Hi Travis, This is PowerVM cluster and it was a fresh deployment done for the feature testing. Malay was able to see the same error in his environment when he created a storagecluster with failure domain as host
Can we connect to your cluster? Digging through the must-gather I'm not finding any other meaningful clues.
This cluster is on PowerVm. I am not sure if you are able to connect to this. you can try with the cluster details shared earlier over chat.
Hi , We have tried to create another new cluster on PowerVS. and after patching to enable Non-Resilient pools, the storage cluster is stuck in progressing stage. you can access the cluster as well. https://console-openshift-console.apps.rdr-odf412.ibm.com will share the credentials over IM.
Moving back to 4.12 as a potential blocker, otherwise the replica 1 feature is not working.
In the operator log, I see that the cluster and OSDs were originally created without the replica 1 feature enabled: 2022-11-08T12:11:31.566267784Z 2022-11-08 12:11:31.566181 I | op-osd: OSD orchestration status for PVC ocs-deviceset-localblock-0-data-1wkjdp is "completed" 2022-11-08T12:11:31.566267784Z 2022-11-08 12:11:31.566229 I | op-osd: creating OSD 1 on PVC "ocs-deviceset-localblock-0-data-1wkjdp" 2022-11-08T12:11:31.566378182Z 2022-11-08 12:11:31.566256 I | op-osd: OSD will have its main bluestore block on "ocs-deviceset-localblock-0-data-1wkjdp" 2022-11-08T12:11:32.370803330Z 2022-11-08 12:11:32.370703 I | op-osd: OSD orchestration status for PVC ocs-deviceset-localblock-0-data-07qcxj is "completed" 2022-11-08T12:11:32.370803330Z 2022-11-08 12:11:32.370768 I | op-osd: creating OSD 0 on PVC "ocs-deviceset-localblock-0-data-07qcxj" 2022-11-08T12:11:32.370930142Z 2022-11-08 12:11:32.370801 I | op-osd: OSD will have its main bluestore block on "ocs-deviceset-localblock-0-data-07qcxj" 2022-11-08T12:11:33.637998416Z 2022-11-08 12:11:33.637944 I | op-osd: OSD orchestration status for PVC ocs-deviceset-localblock-0-data-2crrhx is "completed" 2022-11-08T12:11:33.637998416Z 2022-11-08 12:11:33.637974 I | op-osd: creating OSD 2 on PVC "ocs-deviceset-localblock-0-data-2crrhx" 2022-11-08T12:11:33.638088923Z 2022-11-08 12:11:33.637991 I | op-osd: OSD will have its main bluestore block on "ocs-deviceset-localblock-0-data-2crrhx" Then 20 minutes later, the cephcluster CR was updated with the replica 1 storageClassDeviceSets: 2022-11-08T12:30:31.547876784Z 2022-11-08 12:30:31.547778 I | ceph-cluster-controller: CR has changed for "ocs-storagecluster-cephcluster". diff= v1.ClusterSpec{ While I would like to get this cluster update scenario working, please just create the replica 1 configuration from the start to see if that will get a working cluster. Later we can try the scenario of updating an existing cluster to add replica 1 OSDs.

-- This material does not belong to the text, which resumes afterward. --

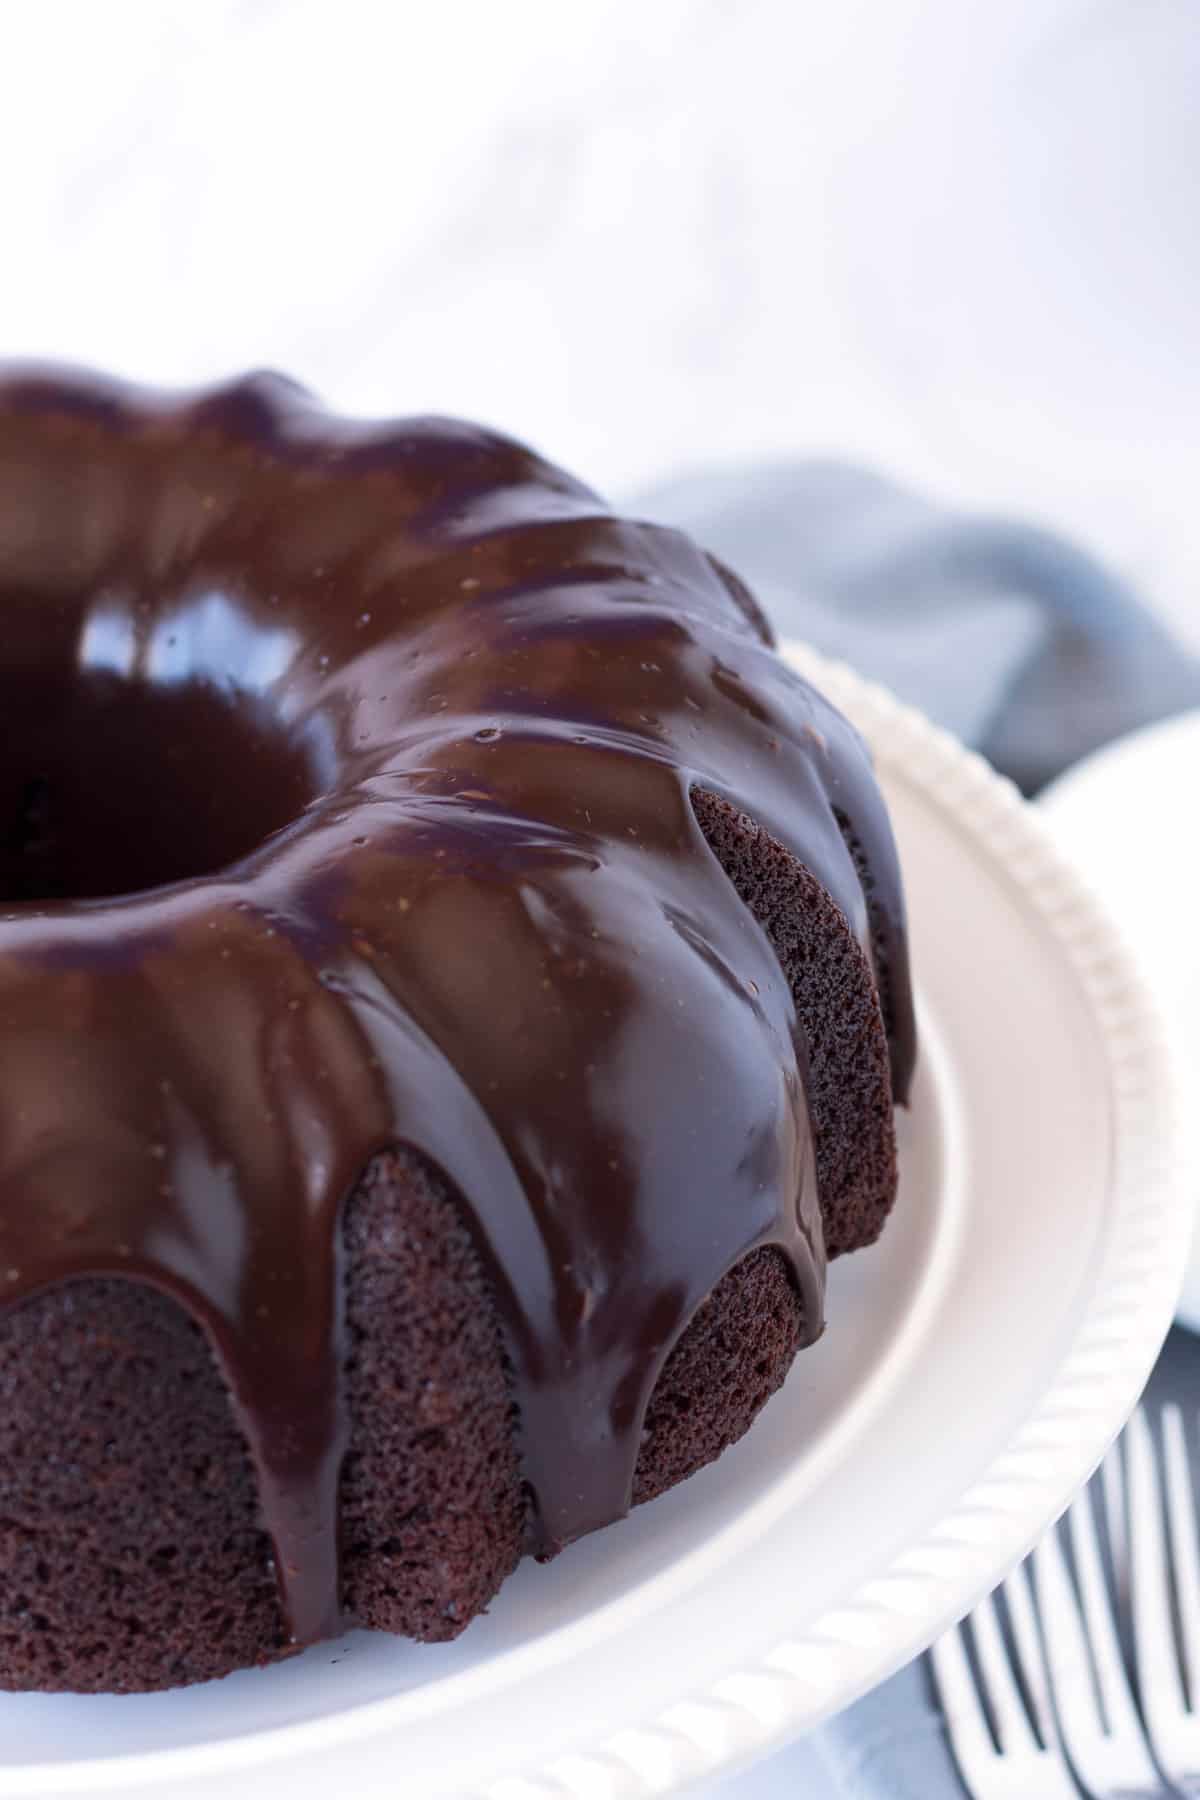 Chocolate bundt cake with chocolate glaze on a white cake stand with a light blue towel in the background.

Hi , Can you please share me the steps. how do we enable replica 1 configuration before deploying ODF.
Malay As long as the StorageCluster CR is created initially with non-resilient pools, we shouldn't see the cephcluster CR updated later like this, right? I'd like to confirm this really is a clean install with non-resilient pools before investigating the upgraded case. Narayanaswamy How are you creating the ODF cluster? From the UI or by creating the StorageCluster CR?
I think Narayanswami is creating the storagecluster from the UI(Most people do it this way only), And later the storagecluster is patched from non-resilient pools. If we want a replica 1 configuration from the start we have to use a StorageCluster CR and set the value there and then create the CR.

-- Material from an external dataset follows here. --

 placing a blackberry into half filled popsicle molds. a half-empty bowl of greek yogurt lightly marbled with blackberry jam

Deployed ODF using UI as mentioned by Malay.
Could I get a connection to the repro to take a look again? The original cluster looks like it is no longer running since it has been a while. Even better if it's possible to get a connection to the cluster before the non-resilient setting is changed to see the state before and after we apply that setting. Thanks!
The Original cluster is not available. I have created a new OCP 4.12 cluster. nothing else is deployed. you can connect to this and check. Let me know if need perform any steps. https://console-openshift-console.apps.rdr-nara3.ibm.com hosts file to be updated with below details: 158.176.146.114 api.rdr-nara3.ibm.com console-openshift-console.apps.rdr-nara3.ibm.com integrated-oauth-server-openshift-authentication.apps.rdr-nara3.ibm.com oauth-openshift.apps.rdr-nara3.ibm.com prometheus-k8s-openshift-monitoring.apps.rdr-nara3.ibm.com grafana-openshift-monitoring.apps.rdr-nara3.ibm.com example.apps.rdr-nara3.ibm.com kubeadmin password shared over chat to Travis & Malay.
When I tried to connect to the console in my browser, it warned me about the insecure connection, then I told it to go to the site anyway, and then it can't connect. So it seems there was an initial connection at least. Let's try again next week.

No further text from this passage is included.